Avoid overhydration in patients with acute chest syndrome because of the risk of pulmonary edema.
Antibiotic therapy [7]
- Obtain blood cultures (two sets) and sputum cultures before starting antibiotics.
- Start empiric antibiotics (see empiric antibiotic therapy for community-acquired pneumonia).
- Suggested regimen
- A third-generation cephalosporin (e.g., ceftriaxone ) [12][13]
- PLUS a macrolide (e.g., azithromycin ) [4]
- Suggested regimen
Blood transfusion
-
Simple blood transfusion [4]
- pRBCs indicated if hemoglobin concentration is > 1.0 g/dL below baseline
- May not be indicated if the patient’s baseline hemoglobin is ≥ 9 g/dL
- For HbSC or HbS/β-thalassemia, consult hematology.
-
Urgent exchange transfusion [4]
- Indications
- Oxygen saturation < 90% even with supplemental oxygen
- Worsening respiratory distress
- Worsening pulmonary infiltrates
- Hemoglobin concentration continuing to decline after a simple transfusion
- Consult an apheresis specialist, if applicable.
- Consider central venous access. [14]
- Indications
Monitoring and disposition
-
Monitoring
- Continuous or frequent (e.g., every 4 hours) pulse oximetry monitoring
- Consider continuous cardiac monitoring.
- Consider frequent clinical assessments of patients with features of impending severe ACS. [4]
- Multilobe disease on chest imaging
- Pleural effusion
- Respiratory distress
- Persistent oxygen saturation < 95% despite supplemental oxygenation
- Neurological features: seizure, stroke, altered mental status
- Low platelets (< 200,000/mm3) [3]
- History of cardiac disease [3]
- Monitor for progression to multisystem organ failure.
- Monitor closely for anemia and bronchospasm.
-
Disposition
- Admit all patients to the hospital. [4]
- Admit/transfer to the ICU if the patient is at risk of progression to respiratory failure, is intubated, and/or requires an exchange transfusion.
Complications
-
Acute [1][3][7]
- Neurological: altered mental status, seizure, stroke, intracranial hemorrhage [1][3]

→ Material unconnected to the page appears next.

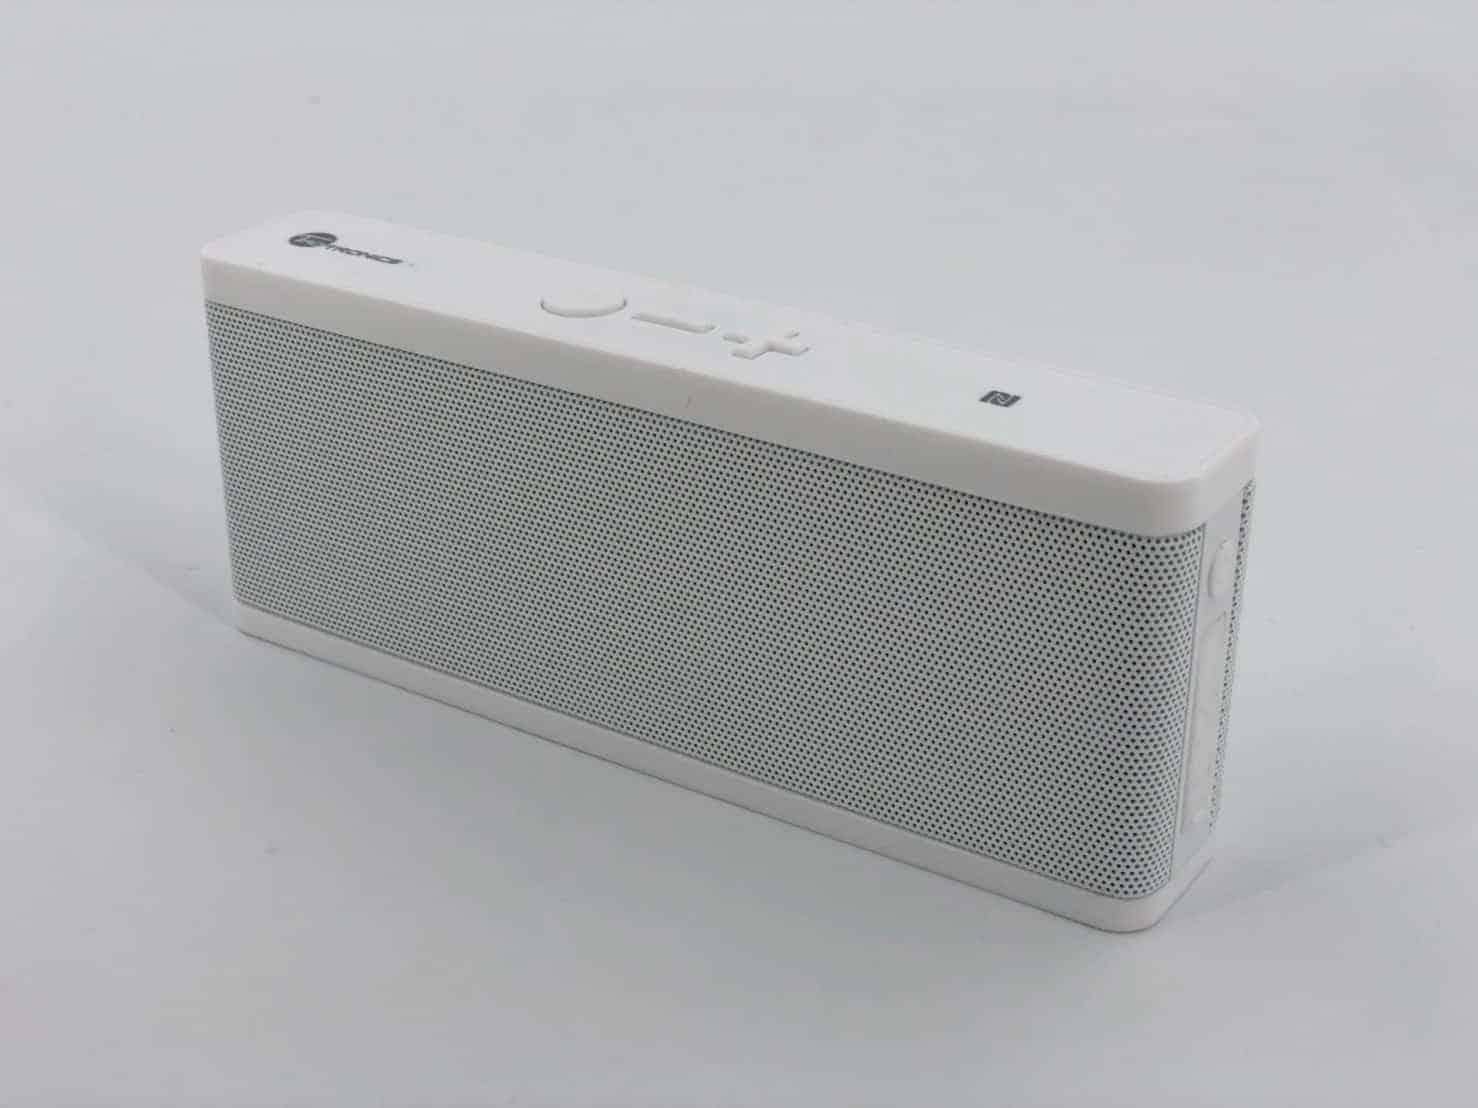 Sony XB01及JBL GO都望塵莫及的好聲音 – TaoTronics TT-SK09防水藍芽喇叭推薦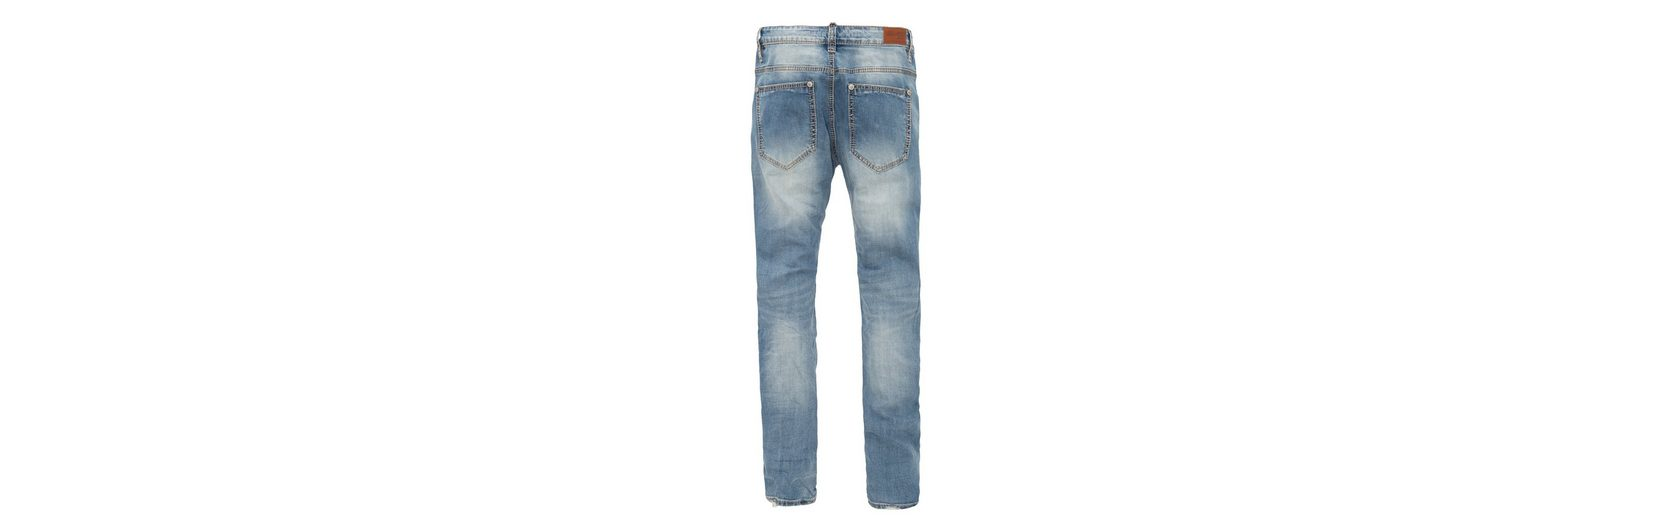 Blue Monkey Slim-fit-Jeans Jason 4395, mit breiten Kontrast Nähten

- Pulmonary: PE, pulmonary hemorrhage, cor pulmonale
- Splenic sequestration causing hypovolemic shock
- Multisystem organ failure
-
Chronic [1][3][7]
- Chronic sickle lung disease
- Pulmonary fibrosis
- Premature mortality
We list the most important complications. The selection is not exhaustive.
Acute management checklist
- Pain management
- IV fluids: avoid overhydration
- Blood cultures (2 sets) and sputum cultures
- Start empiric antibiotics (see empiric antibiotic therapy for community-acquired pneumonia).
- Supplemental oxygen
- Rule out alternative causes (e.g., myocardial infarction, PE).
- Hematology consultation
- Evaluate the need for transfusion and obtain type and screen.
- Bronchodilators in patients with a history of asthma or evidence of acute bronchospasm [1]
- Incentive spirometry
- Hospital admission
- Transfer to ICU if the patient is at risk of progression to respiratory failure, intubated, and/or requires an exchange transfusion.